The optimizer updates the weights in the model , eg : SGD  
The main function of optmizer is to minimize the loss 


### What happens during one pass ?

During first pass the weights are initialized at random  and passes through network , at the last layer a probability 
is spit out , the porbability is compared to actual value , difference  is called loss , and this gets optmized using optimizer

### Epcoh - Single pass through the data is called epoch

In [62]:
from keras.optimizers import Adam
from keras.metrics import sparse_categorical_crossentropy

In [59]:
layers = [
    Dense(16, input_shape = (1,) , activation='relu'),
    Dense(32 , activation= 'relu'),
    Dense(2, activation='softmax')
]

In [60]:
model = Sequential(layers)

In [63]:
model.compile(Adam(learning_rate=.001) , loss= 'sparse_categorical_crossentropy' , metrics=['accuracy'])

In [93]:
model.fit(x=train_samples, y=train_labels, batch_size=10, epochs=20, shuffle=True, verbose=2 )

In [80]:
model.loss

'sparse_categorical_crossentropy'

In [85]:
model.layers

[<keras.layers.core.Dense at 0x7f815100fa50>,
 <keras.layers.core.Dense at 0x7f815100fd50>,
 <keras.layers.core.Dense at 0x7f815100fe10>]

### Validation in Keras

#### If we want to use the train data and take out validation from that we can use validation_split which will take the given percent as  validaiton data

In [92]:
model.fit(x=train_samples, y=train_labels,validation_split=0.3, batch_size=10, epochs=20, shuffle=True, verbose=2 )

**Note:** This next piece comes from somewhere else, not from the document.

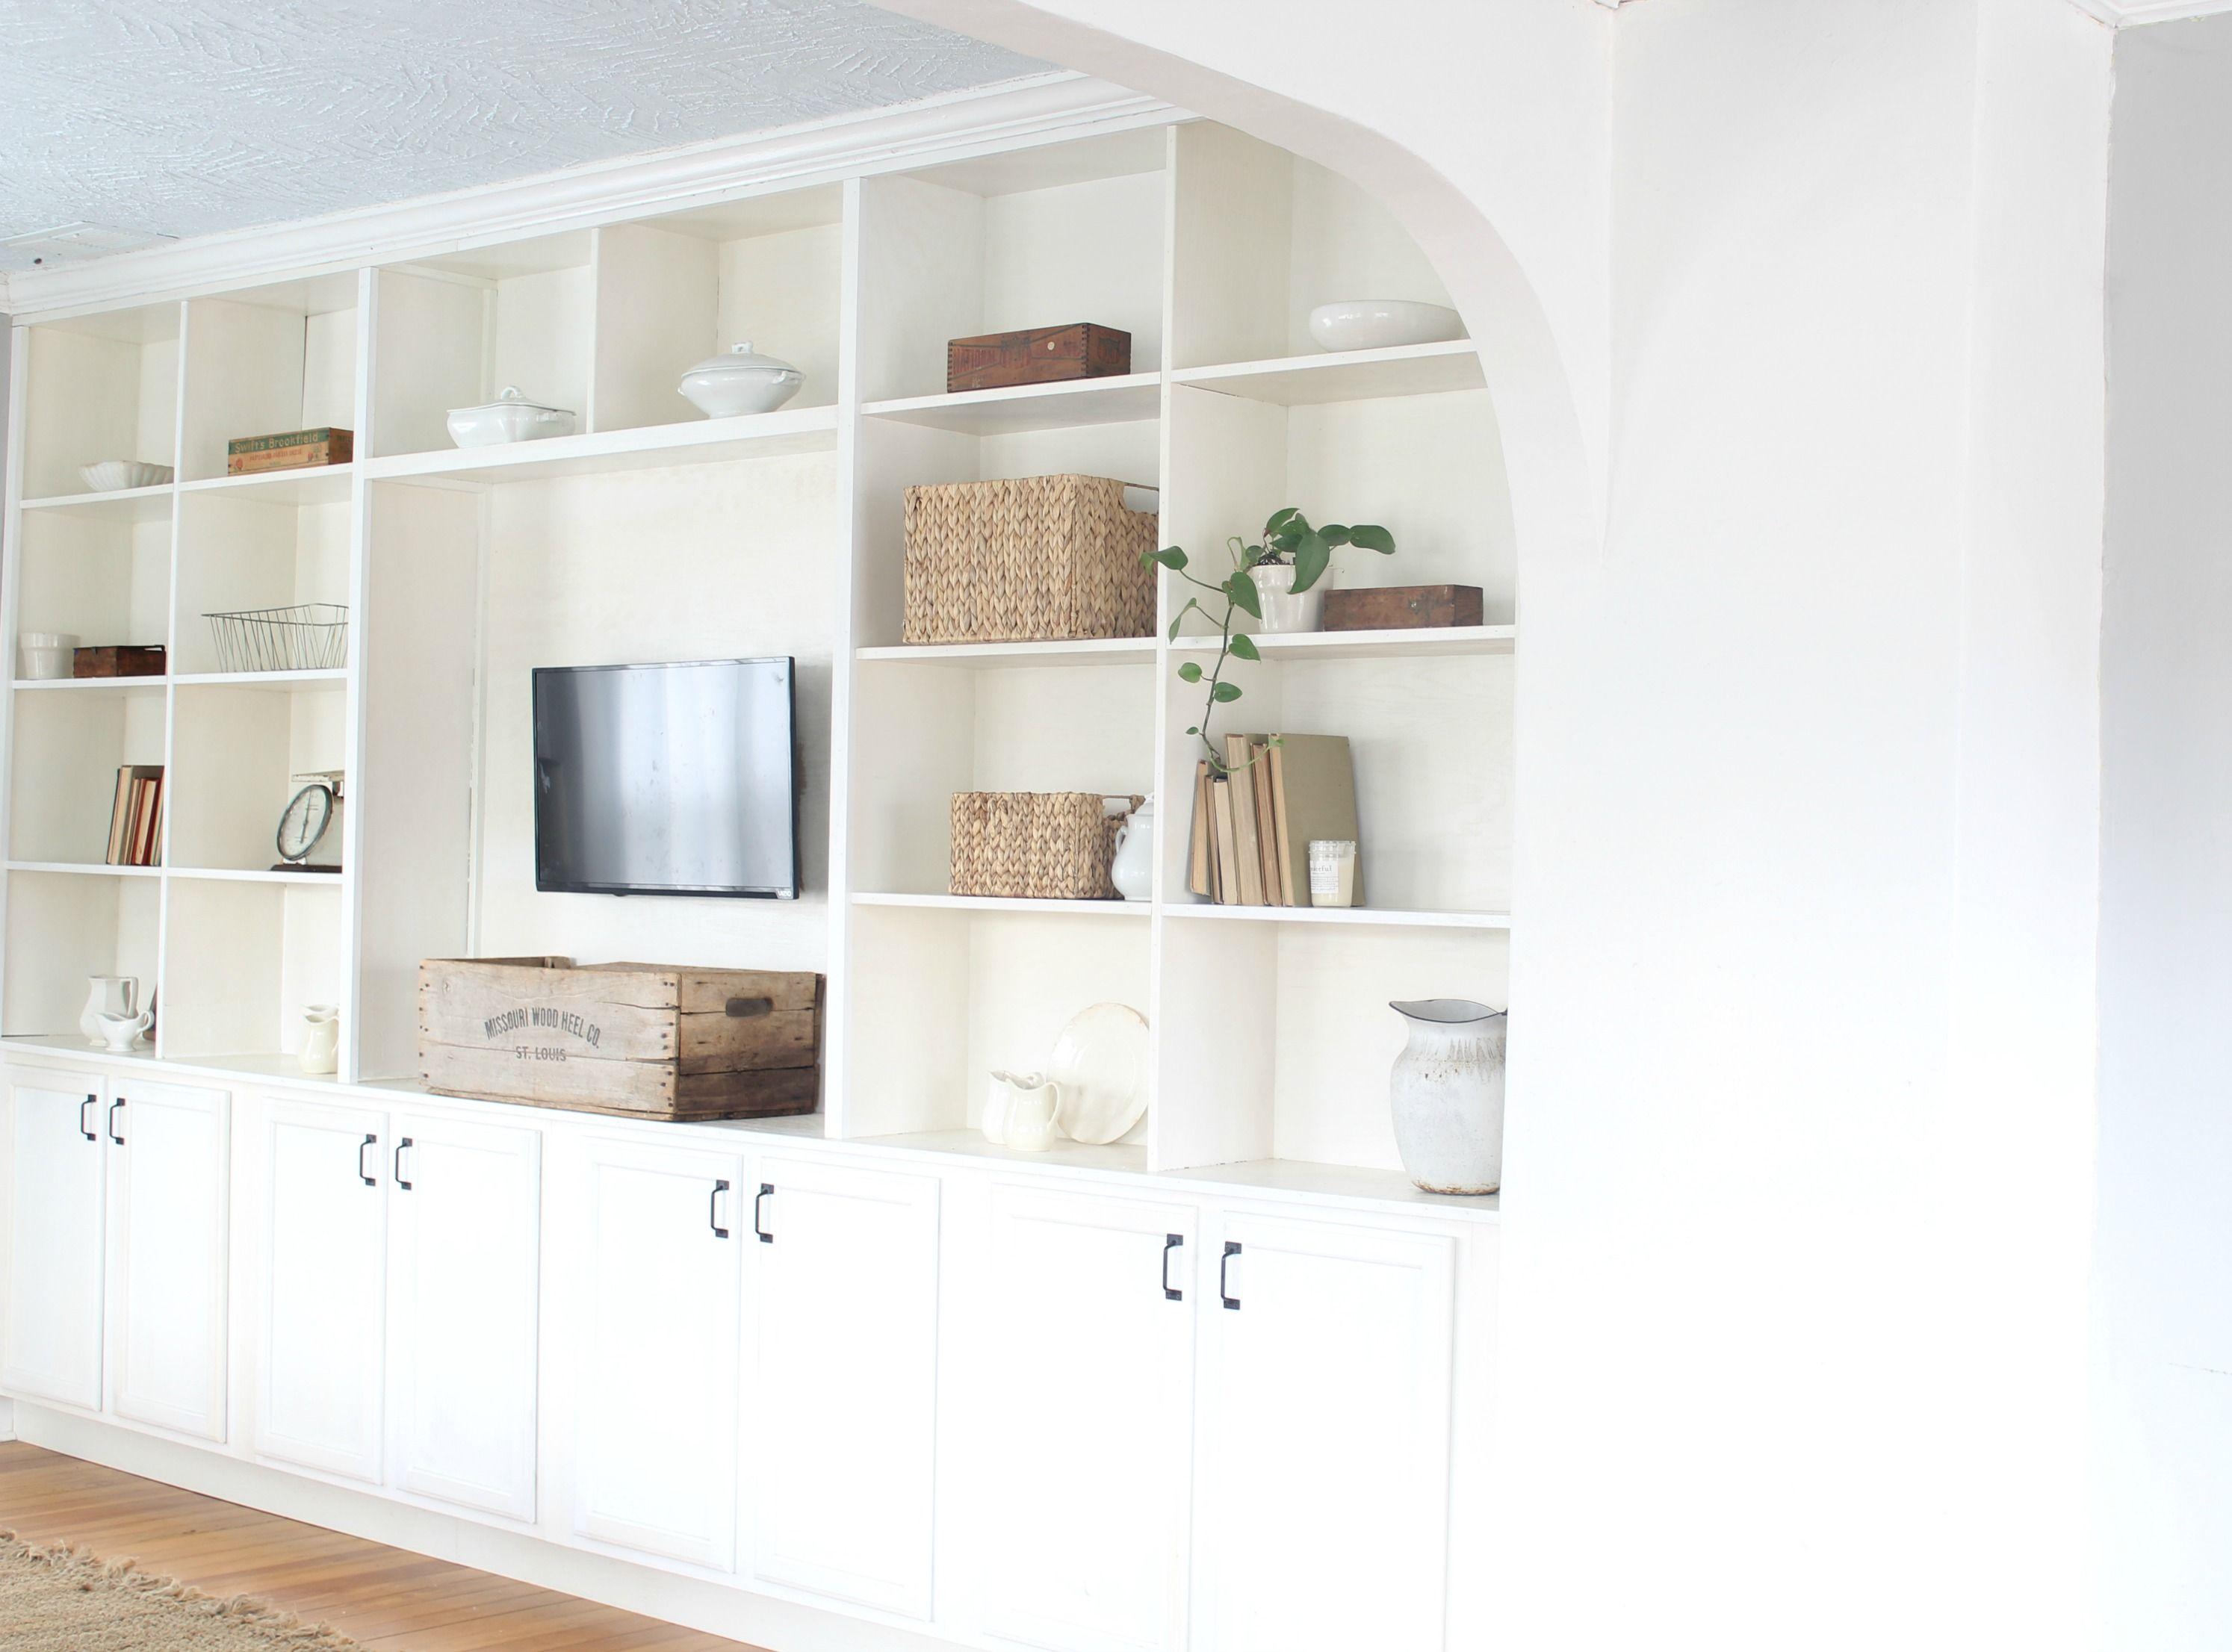 Farmhouse Living Room Built Ins  Living Room Built Ins Built Ins Impressive Living Room Built Ins 2018

#### Else if we have seperate validation data , we can pass that using validate_data

valid_set = [(sample , label)......(sample,label)]

In [None]:
model.predict(test_sample, batch_size=10, verbose=0)

### How to know if the model is overfitting
#### If the validation loss is more than training loss , the model is probably overfitting

### Steps to reduce overfitting
 - #### We can do Data Augmentation
     - Cropping
     - Rotating
     - Zooming
     - Flipping
     - etc
 - #### Dropout
     - Randomly ignores the node from the layers, hence the name dropout

### Underfitting 
#### Not able to classify the data it was even trained on 

### Steps to reduce underfitting
 - #### Increase the model complexity. adding more layers or more neurons - opposite to overfitting
 - #### Add more features to input sample
 - #### Reduce dropout


### Unsupervised Learning 

#### Accuracy - we do not measure accuracy since we do not know the labels. Clustering is one example.

### Autoencoder 
a nn which takes in input ans outputs a reconstruction of this input . The loss function here is measuring how similar the reconstructed image is compared to original image

### Flow - Image -> Encoder -> Compressed Representation -> Decoder -> Reconstructed Input

loss = Reconstructed / Original

#### Optimizer is still some version of SGD.  Practical Application is removing noise form the similar image 

### Semi - Supervised Learning

Uses a combination of both supervised and unsupervised learning 

Pseudo Labeling - labeling some portion of the data, whereas other portions remain unlabeled

Steps - First train the labeled data using regular nn , then predict the unlabeled data using this model , then again train the model on combination of (labeled +  pseudo - labeled data(the one we predicted) and run through the full model again

### Data Augmentation

When we want to create new data based on modification to existing data, to add more data to create more samples
Eg : if most of the images of dogs are facing towards right then it is difficult to learn the left facing dogs
We do this by horizontally flipping the images , vertically we don't do it and it wont make sense because in real world we rarely will have vertical images

### One Hot Encoding

Vector length will be equal  to number of classes / labels.  
Each element of the vector will be zero , except the one which the vector corresponds to (hence the name one hot encode)
Eg :

cat - [1,0,0]    
dog - [1,0,1]      
lizard - [0,0,1]    

### CNN

A type of nn which is specialized in pattern detection. Hence useful for image analysis.  
Basis of CNN is convolutions ie hidden layers , they can have other layers as well.
At each layer we need to specify the **filter** we want to detect.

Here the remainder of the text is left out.